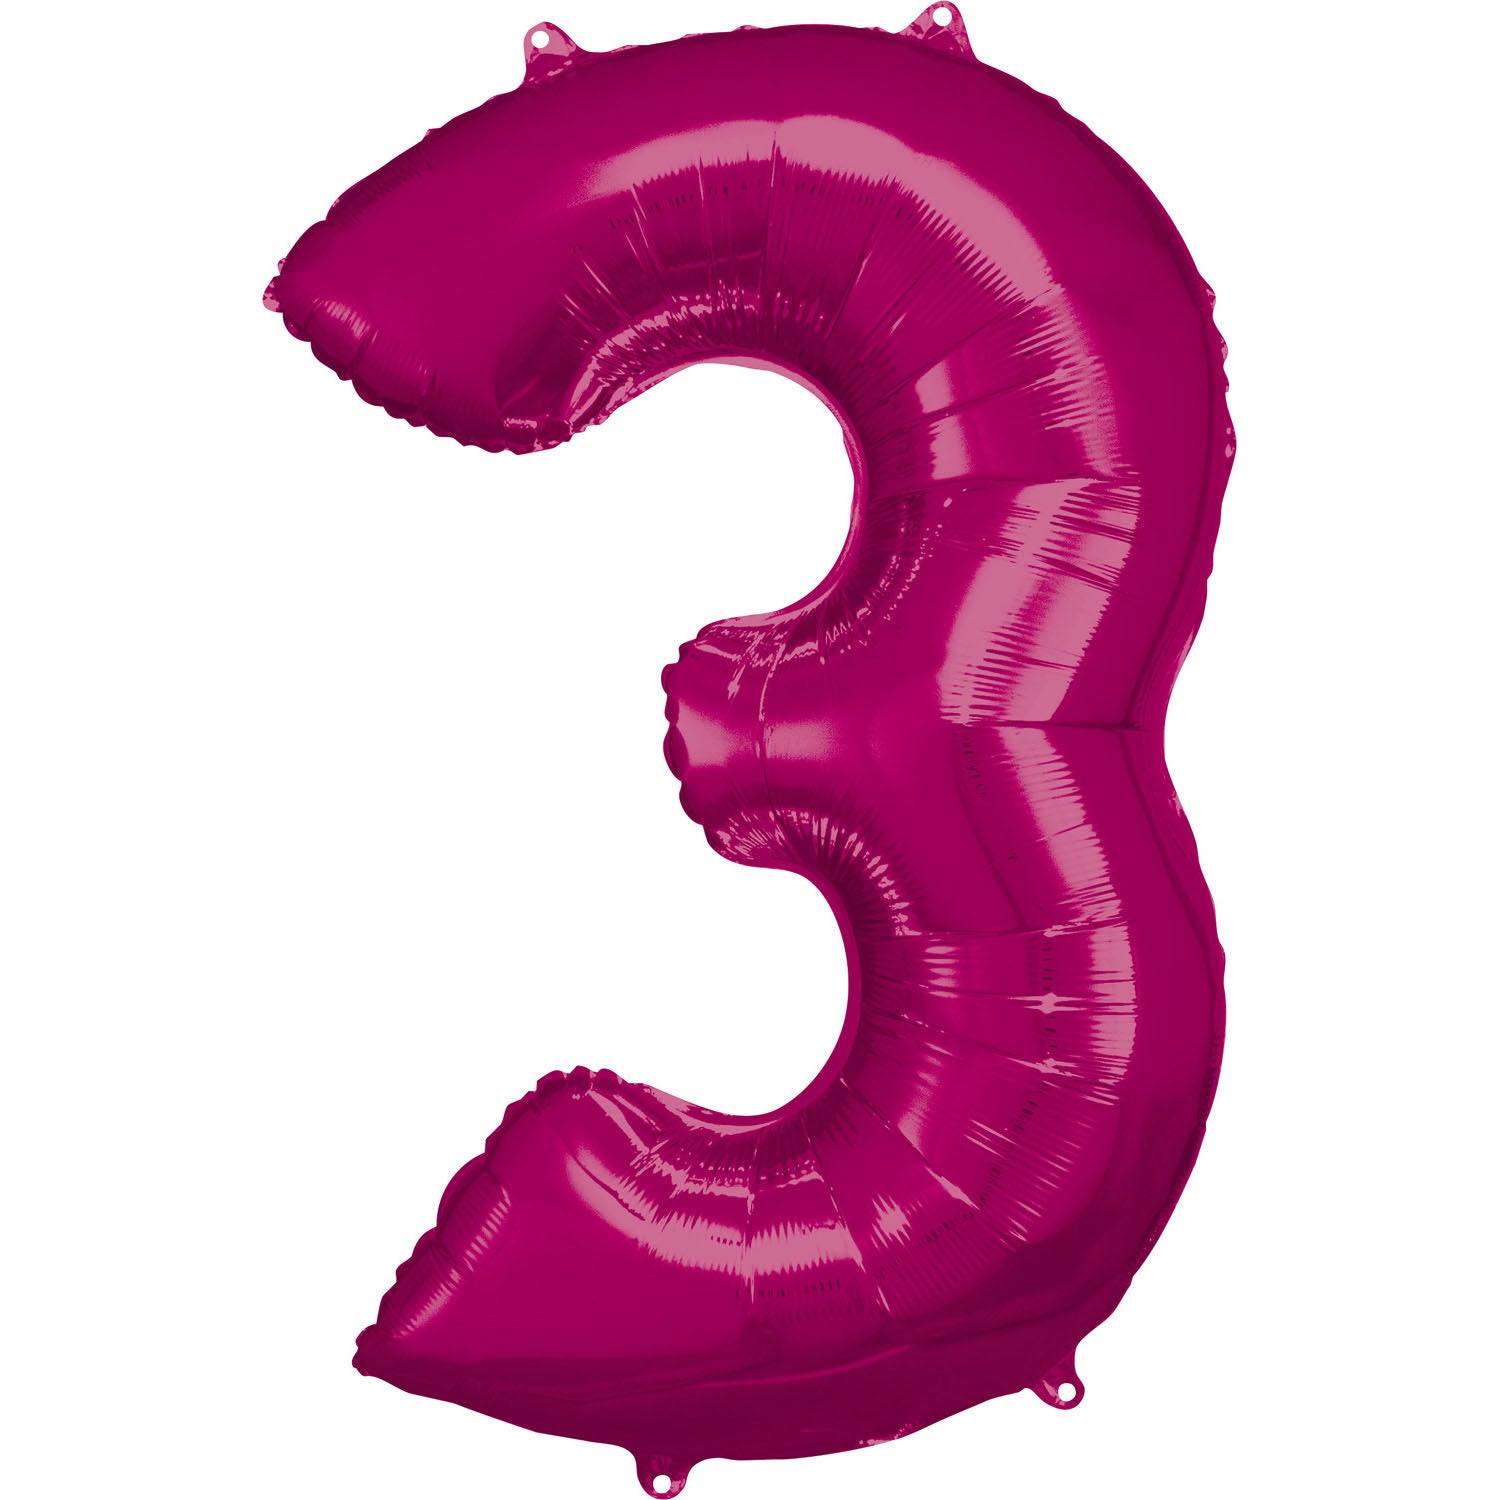 Pink foiled helium balloon figures 86 cm
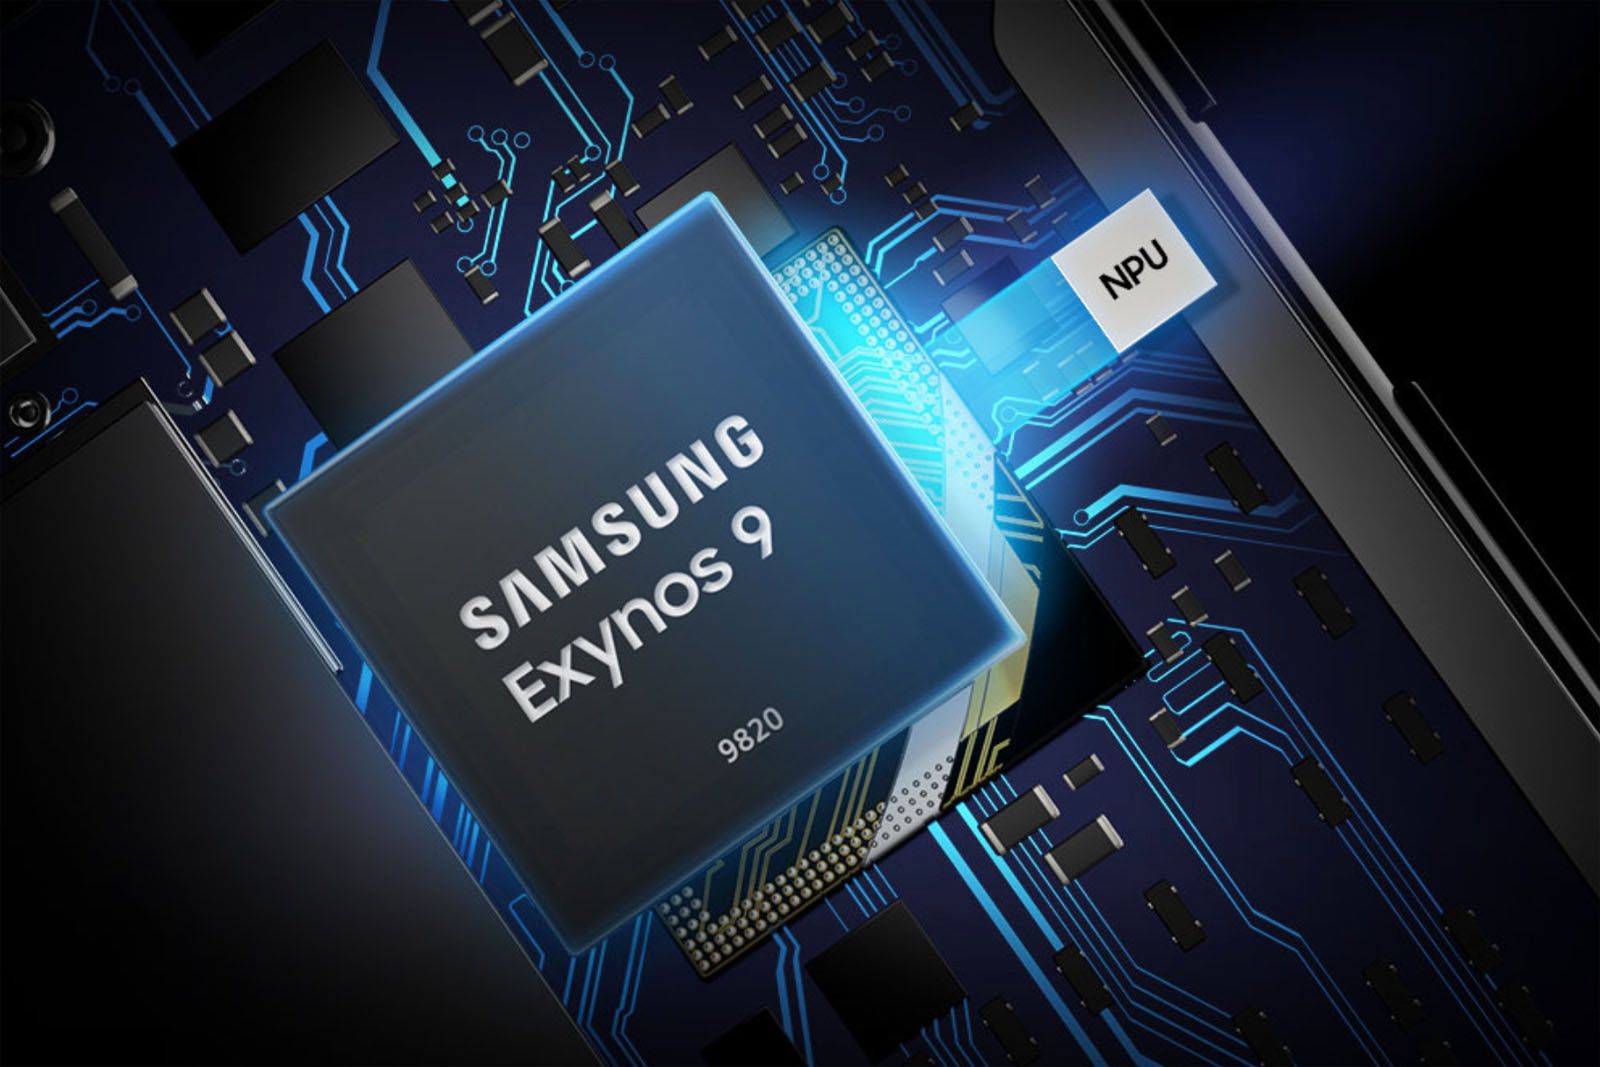 Samsung Galaxy S10 Exynos 9820 image 1
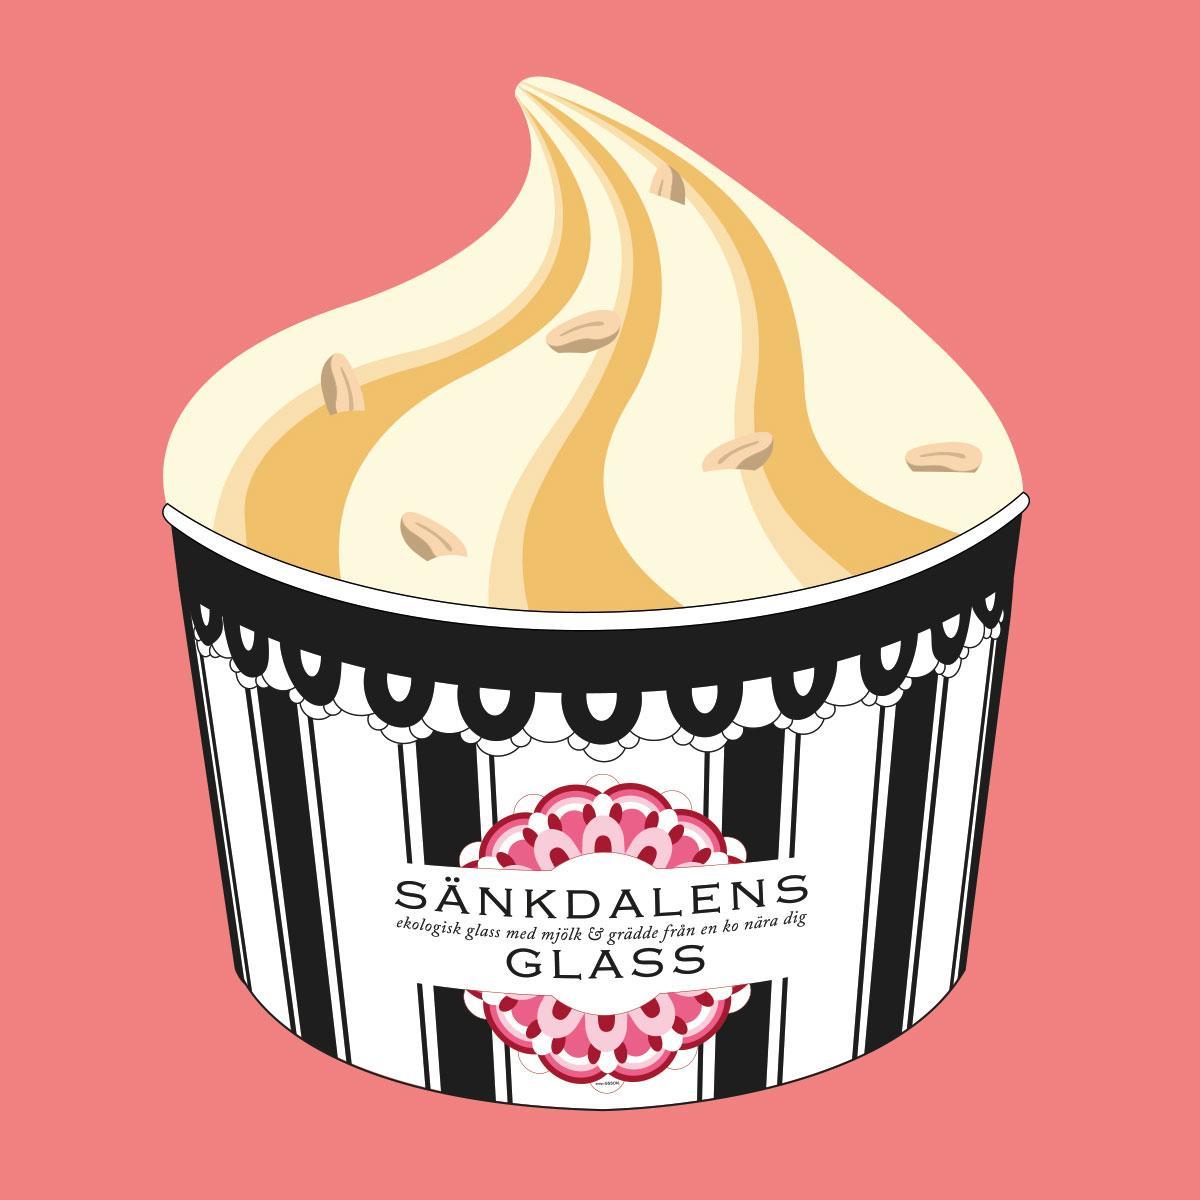 Sänkdalens glass's Peanut School Ice Cream'
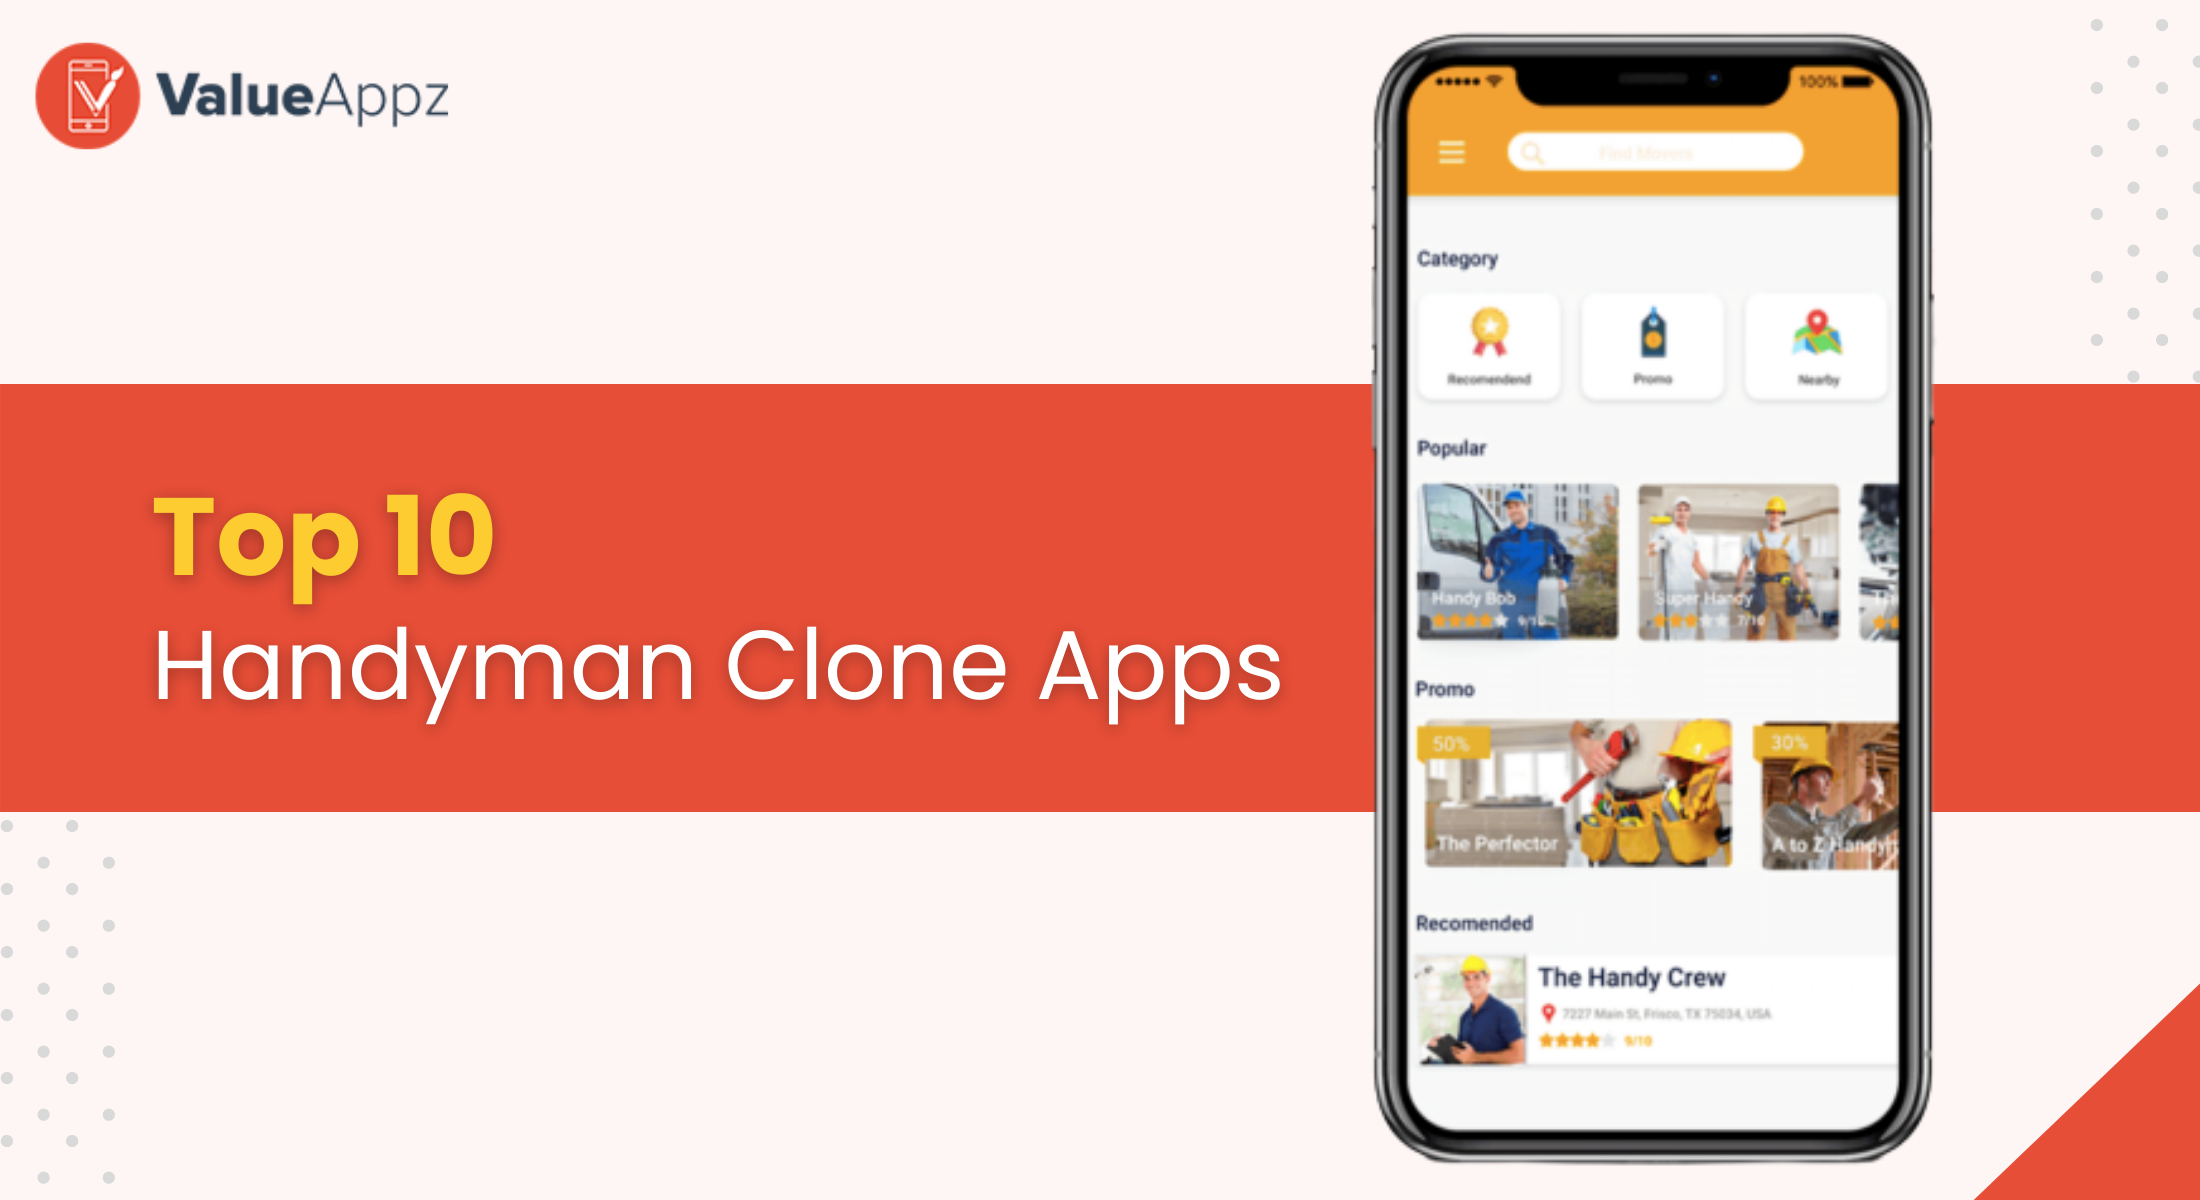 Top 10 Handyman Clone Apps

▬▬▬

## [Your assignment]
Output the data exactly. Leave every picture out.

## [Answer to the problem]
 Pink foiled helium balloon figures 86 cm
 Samsung Galaxy S10 Exynos 9820 image 1
 Sänkdalens glass's Peanut School Ice Cream'
 Top 10 Handyman Clone Apps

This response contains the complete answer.